WORK INSTRUCTIONS: Your answer must be the full listing below, restated word for word, with no pictures in it.

GIVEN INFORMATION:
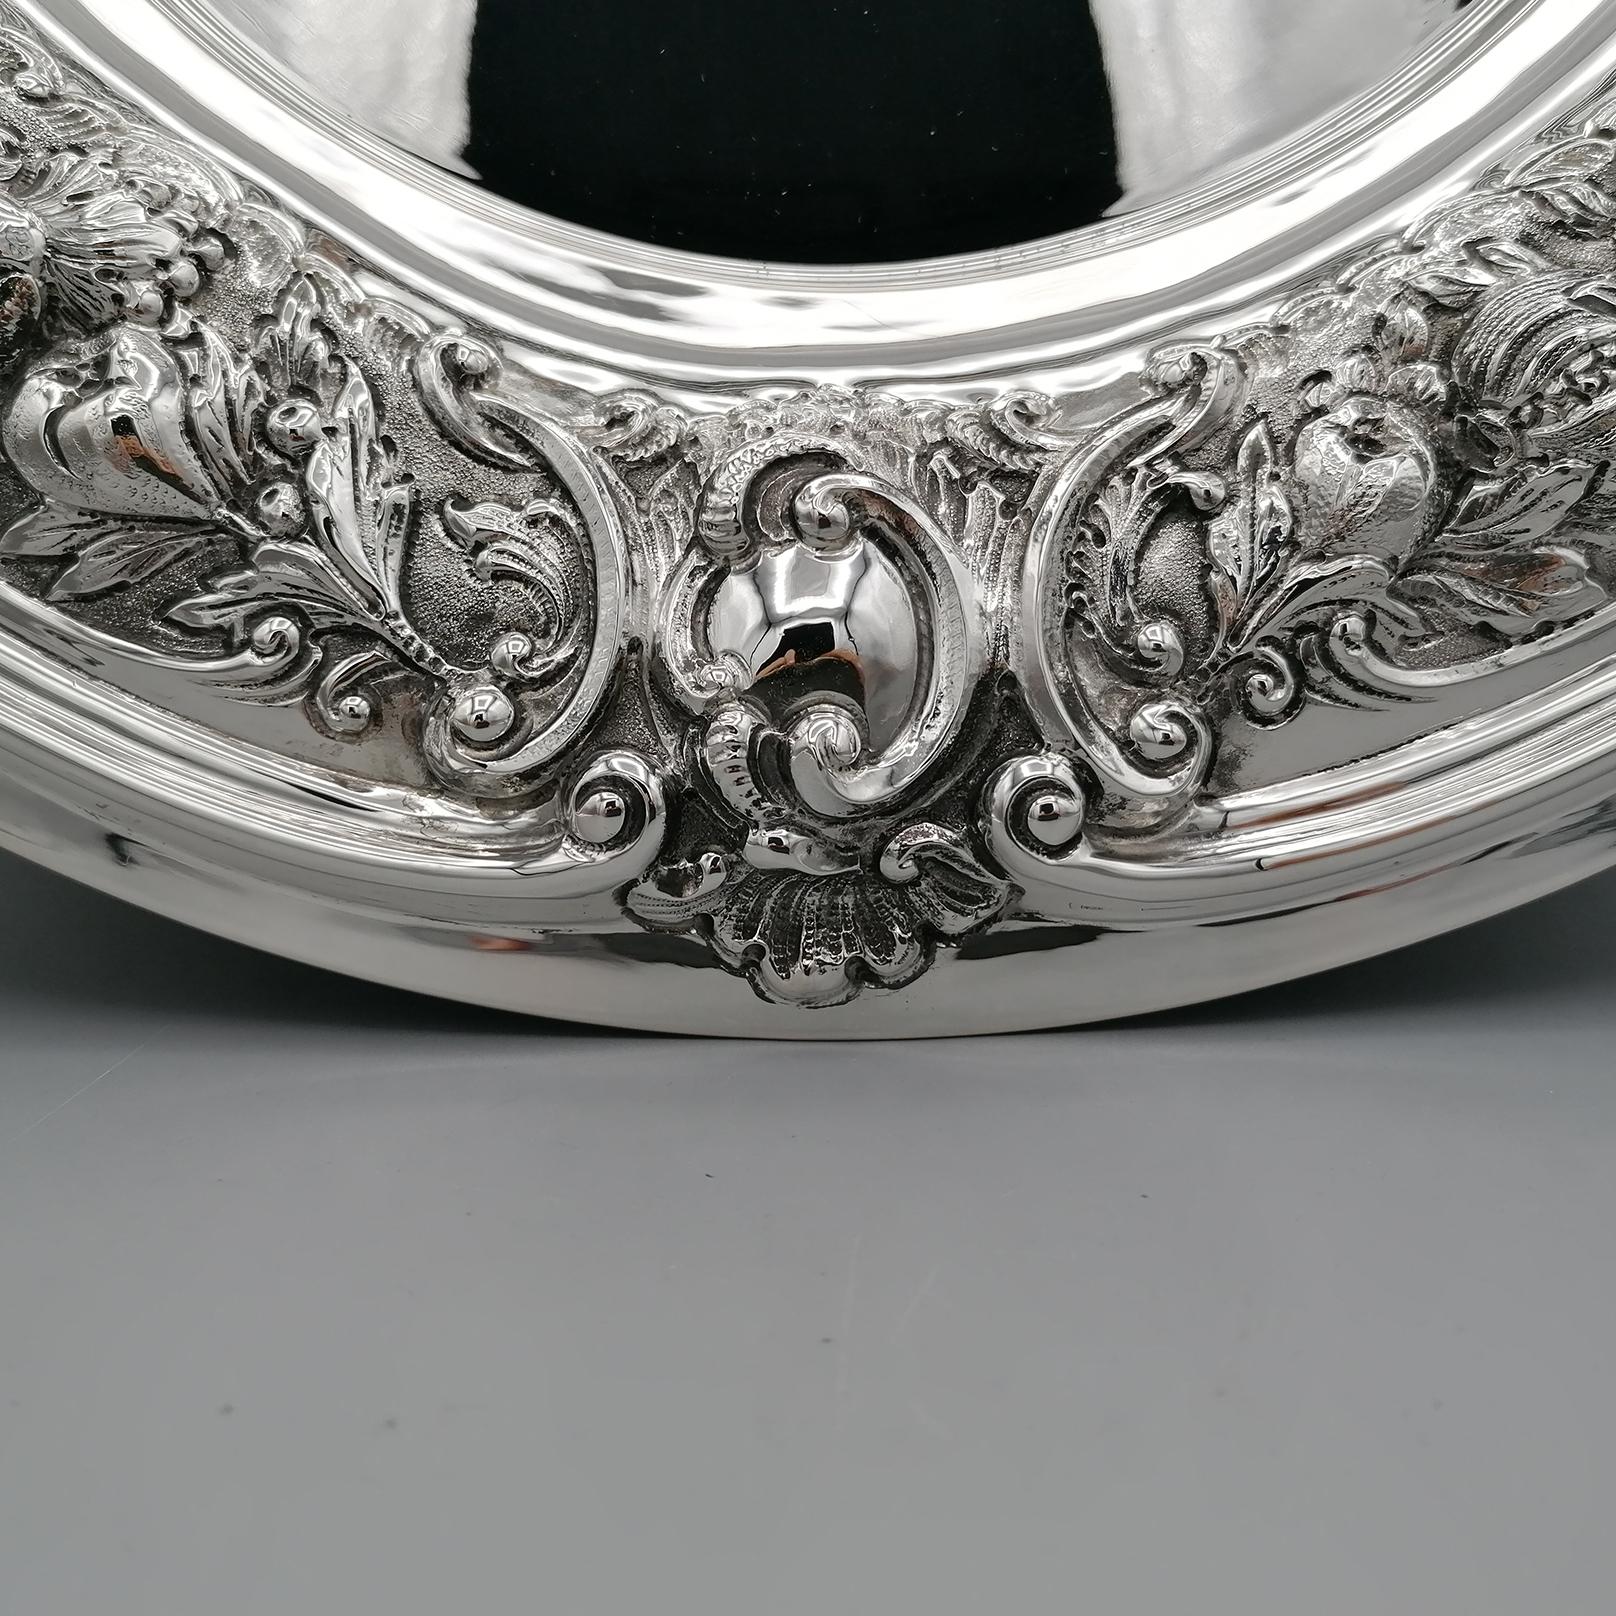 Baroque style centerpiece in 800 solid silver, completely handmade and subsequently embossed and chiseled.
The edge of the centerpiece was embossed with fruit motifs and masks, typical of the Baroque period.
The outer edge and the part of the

RESPONSE:
 Baroque style centerpiece in 800 solid silver, completely handmade and subsequently embossed and chiseled.
The edge of the centerpiece was embossed with fruit motifs and masks, typical of the Baroque period.
The outer edge and the part of the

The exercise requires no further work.